Meta-Solver for Neural Ordinary Differential Equations
Towards robust neural ODEs using parametrized solvers.
Main idea
Each Runge-Kutta (RK) solver with s
stages and of the p
-th order is defined by a table of coefficients (Butcher tableau). For s=p=2
, s=p=3
and s=p=4
all coefficient in the table can be parametrized with no more than two variables [1].
Usually, during neural ODE training RK solver with fixed Butcher tableau is used, and only the right-hand side (RHS) function is trained. We propose to use the whole parametric family of RK solvers to improve robustness of neural ODEs.
- pytorch==1.7
- apex==0.1 (for training)
For CIFAR-10 and MNIST demo, please, check examples
Meta Solver Regimes
In the notebook examples/cifar10/Evaluate model.ipynb
we show how to perform the forward pass through the Neural ODE using different types of Meta Solver regimes, namely
- Standalone
- Solver switching/smoothing
- Solver ensembling
- Model ensembling
In more details, usage of different regimes means
- Use one solver during inference.
- This regime is applied in the training and testing stages.
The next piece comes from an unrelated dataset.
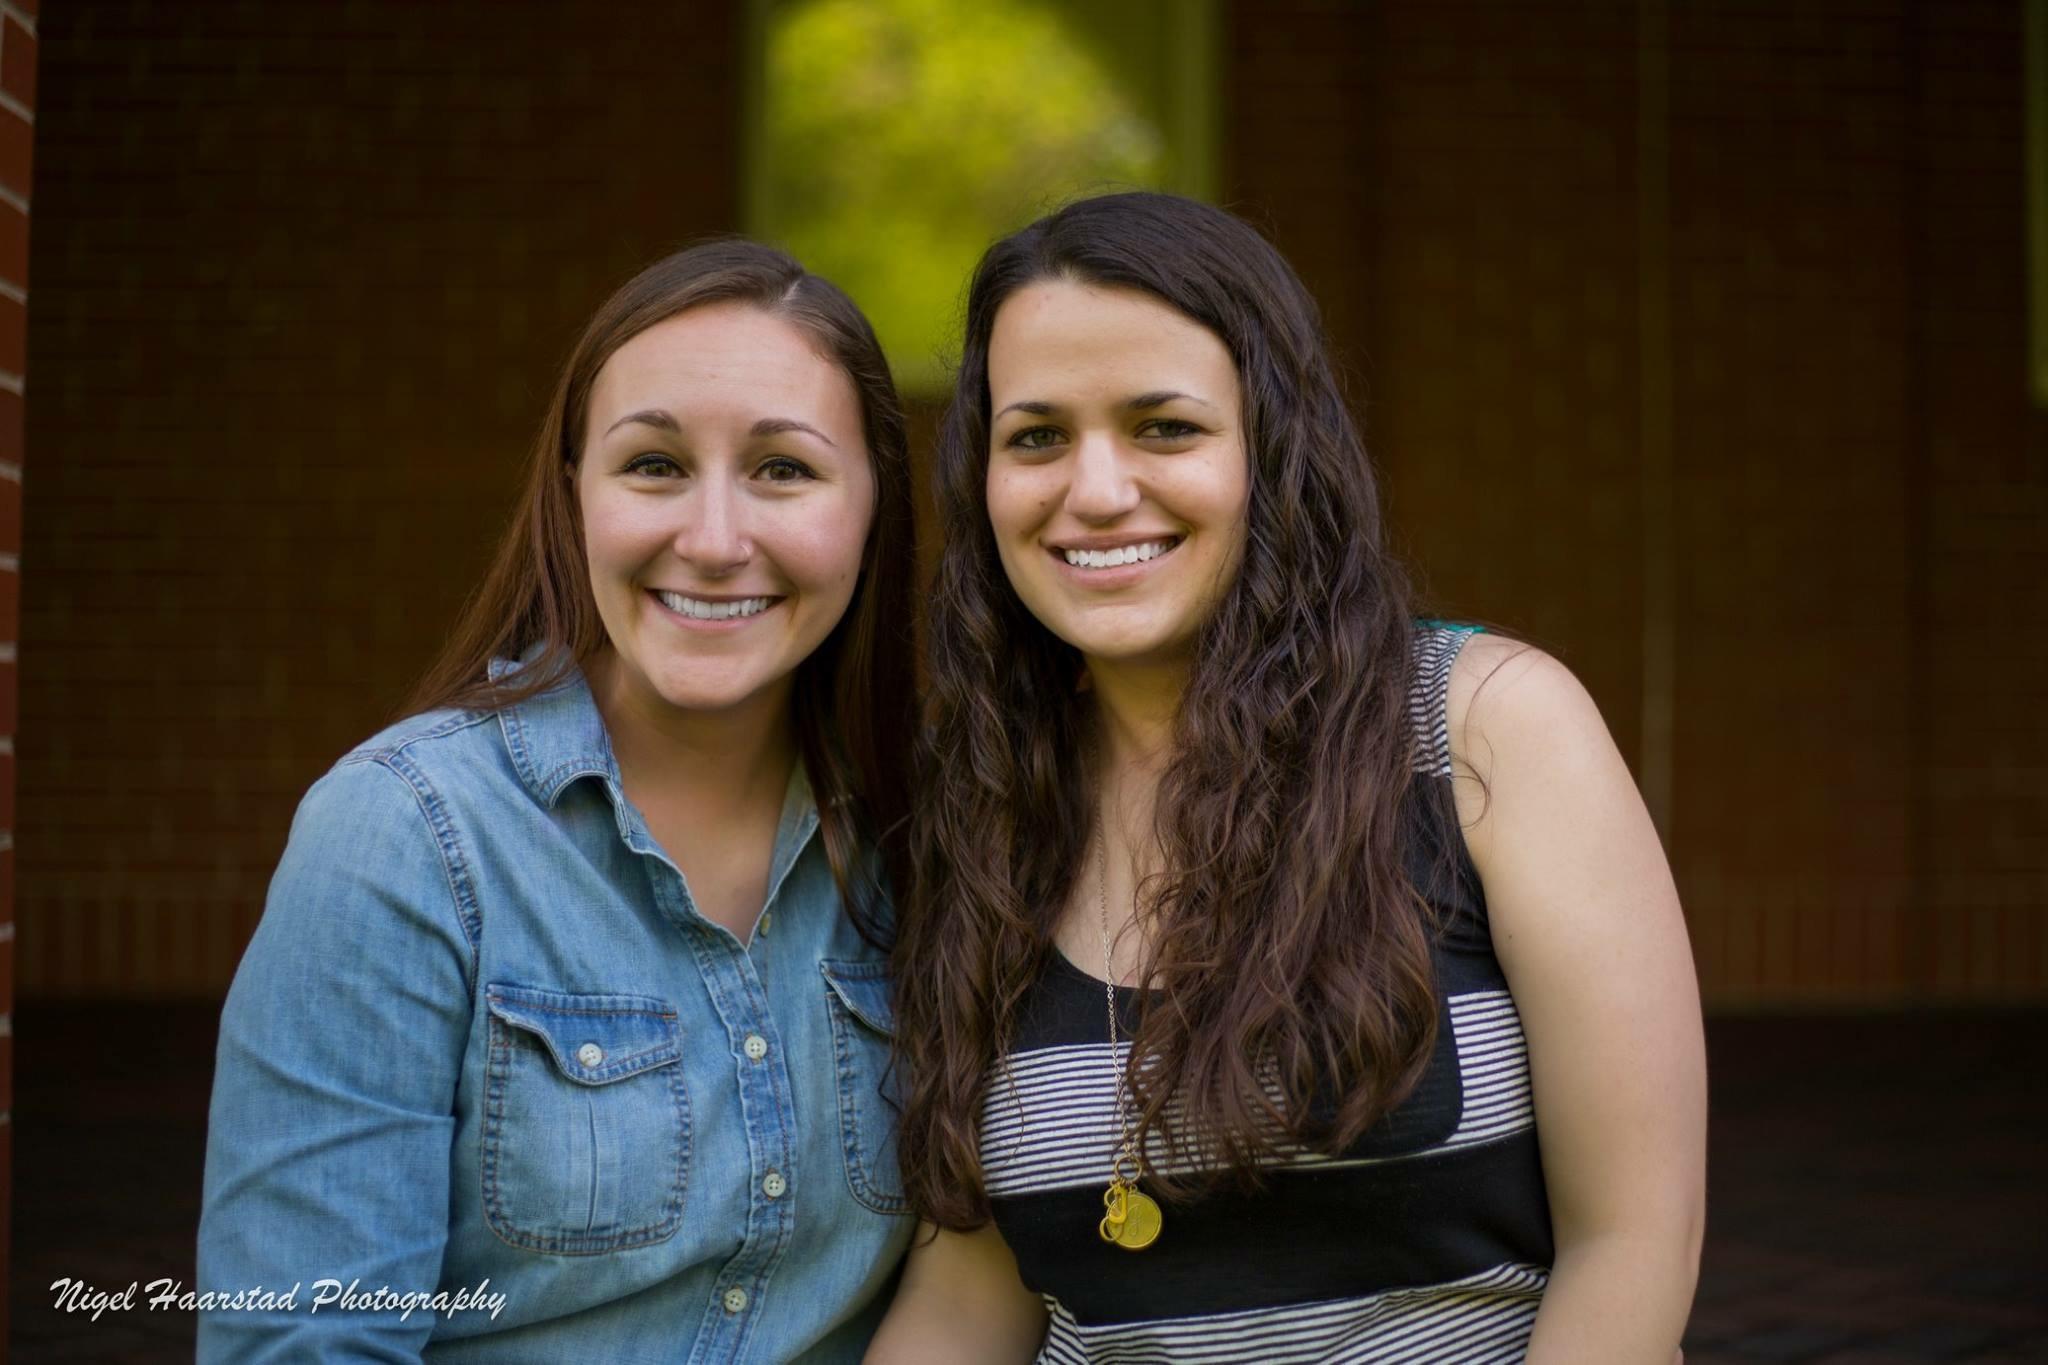 Image 3 of Emily and Jordan

Solver switching / smoothing
- For each batch one solver is chosen from a group of solvers with finite (in switching regime) or infinite (in smoothing regime) number of candidates.
- This regime is applied in the training stage
Solver ensembling
- Use several solvers durung inference.
- Outputs of ODE Block (obtained with different solvers) are averaged before propagating through the next layer.
- This regime is applied in the training and testing stages.
Model ensembling
- Use several solvers durung inference.
- Model probabilites obtained via propagation with different solvers are averaged to get the final result.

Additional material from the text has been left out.